Strategies for increasing the impact and engagement of scientific posters were also discussed by several speakers. Bearing in mind the objectives of scientific posters – to showcase research, create engagement with the data and act as networking platforms – social media can be an invaluable tool to achieve those objectives. Alison Lovibond (BOLDSCIENCE) shared several tips, including focusing on the key takeaways, avoiding content clutter, mentioning relevant users to extend reach and adding an external, enduring link to the full presentation.

Much like the innovation we are starting to see around publication planning, virtual congresses in 2020 saw non-traditional poster formats increasing in popularity. These formats included reformed layouts with less text and improved data visualisation, as well as enhanced features such as audio and video narration. In a rapidly changing world with increasing demand for digestible and bitesize content, gaining readership and maintaining audience attention are vital. Embracing these innovations and digital formats are, therefore, important for keeping up with this pace and, when used effectively, can help improve public understanding of scientific and medical research.

The power of RWE

RWE is quickly evolving and becoming increasingly important as studies grow in volume and diversity. The panel touched on how the pharmaceutical industry is beginning to move away from traditional ready-to-access data sources and instead towards data-generating technologies, as well as collaborating with technology providers to access more patient-level data and improved analytics. The speakers acknowledged that although randomised clinical trials will remain the gold standard for medical research, RWE studies will provide complementary insights that together will provide a better understanding of the impact of disease on patients and the benefits of treatments.

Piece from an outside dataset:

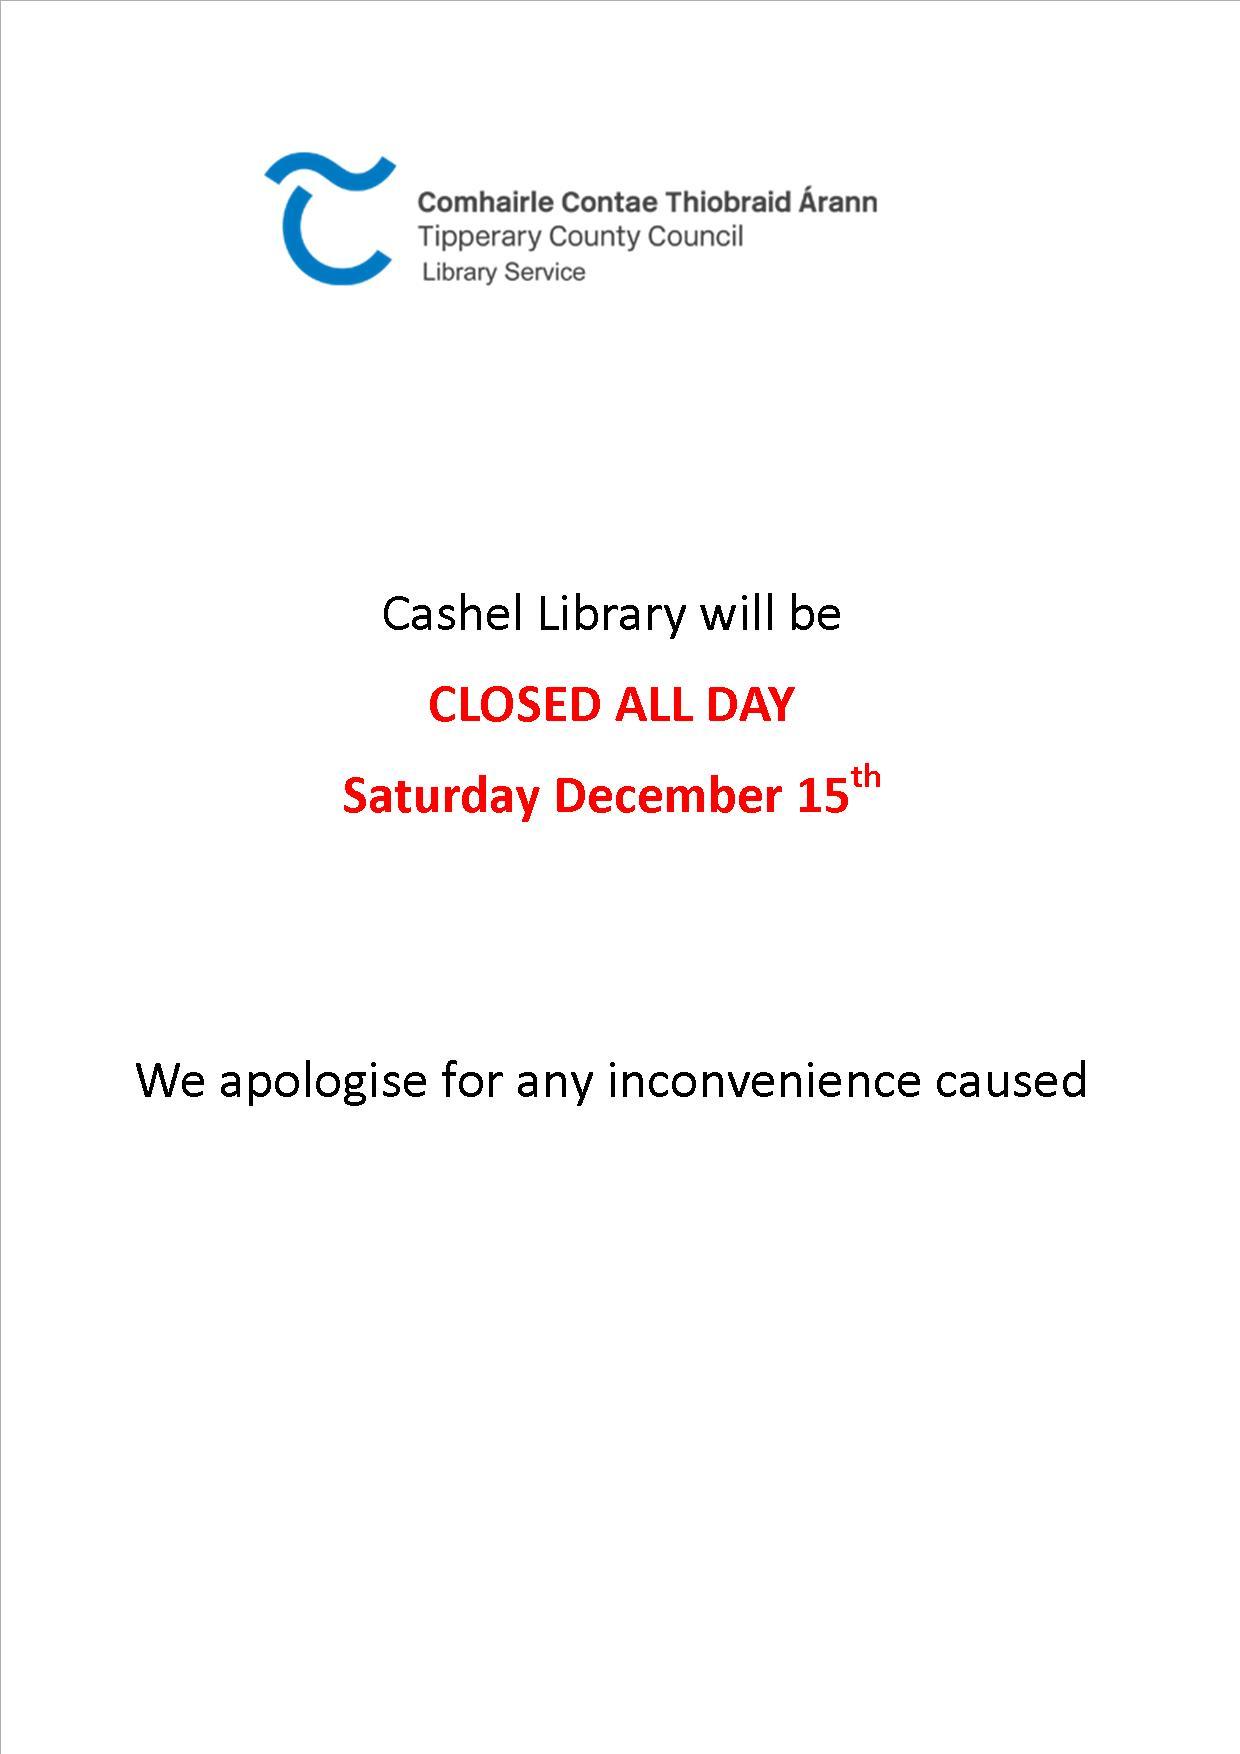 Cashel: Closed Saturday December 15th

Best practice for reporting RWE studies was also discussed, with Richard White (Oxford PharmaGenesis) noting that many of the challenges facing trust in RWE studies can be addressed through transparency in:

  • Methodology – to address risk of bias and confounding.
  • Rationale behind the choice of data sources.
  • Strategy and study registration – to address multiplicity of studies and publication bias.
  • Reporting – to address contradiction of results between RWE studies with randomised clinical trials.

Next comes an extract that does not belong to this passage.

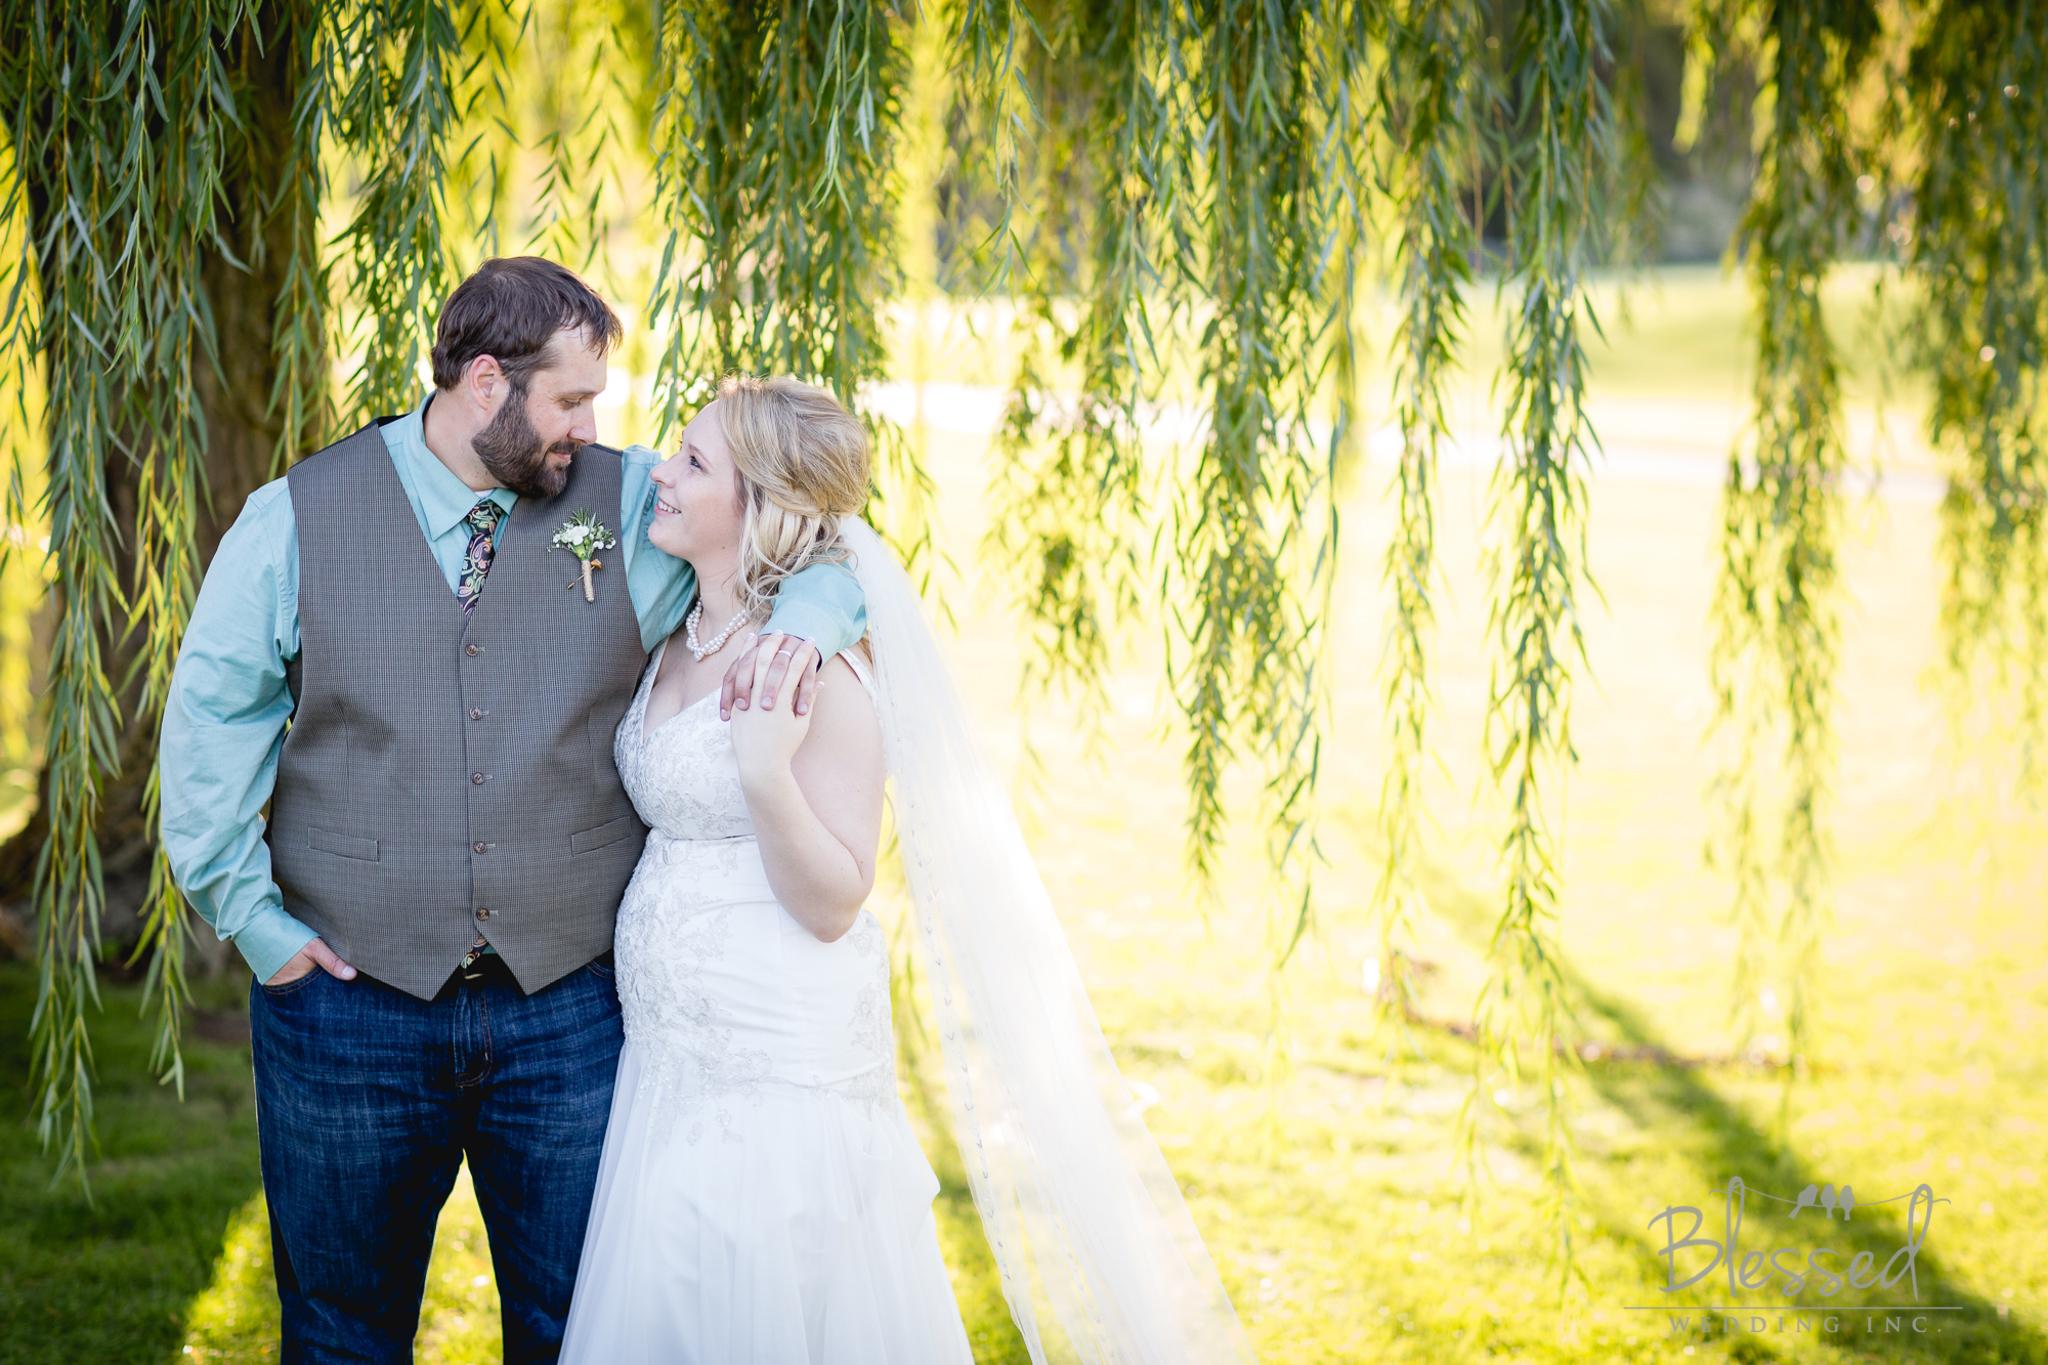 Destination Wedding Photography Minnesota By Blessed Wedding Photographers-110.jpg

Rich sources of real-world data can be found in social media, patient blogs and support groups. Although valuable and highly rewarding for understanding patient perspectives, the speakers warned of the challenges in analysing and interpreting these data without bias. Wearables, such as smart watches, were also mentioned as a useful tool for collecting patient data.

Finally, Briana Coles (University of Leicester) cautioned that misinterpreting RWE, such as by over-generalising beyond the target population or assuming causation from association, has significant implications on clinical practice. However, there are many tools and resources to help assess the quality of RWE studies, including Assessment of Real-World Observational Studies (ArRoWs) and Good Research for Comparative Effectiveness (GRACE).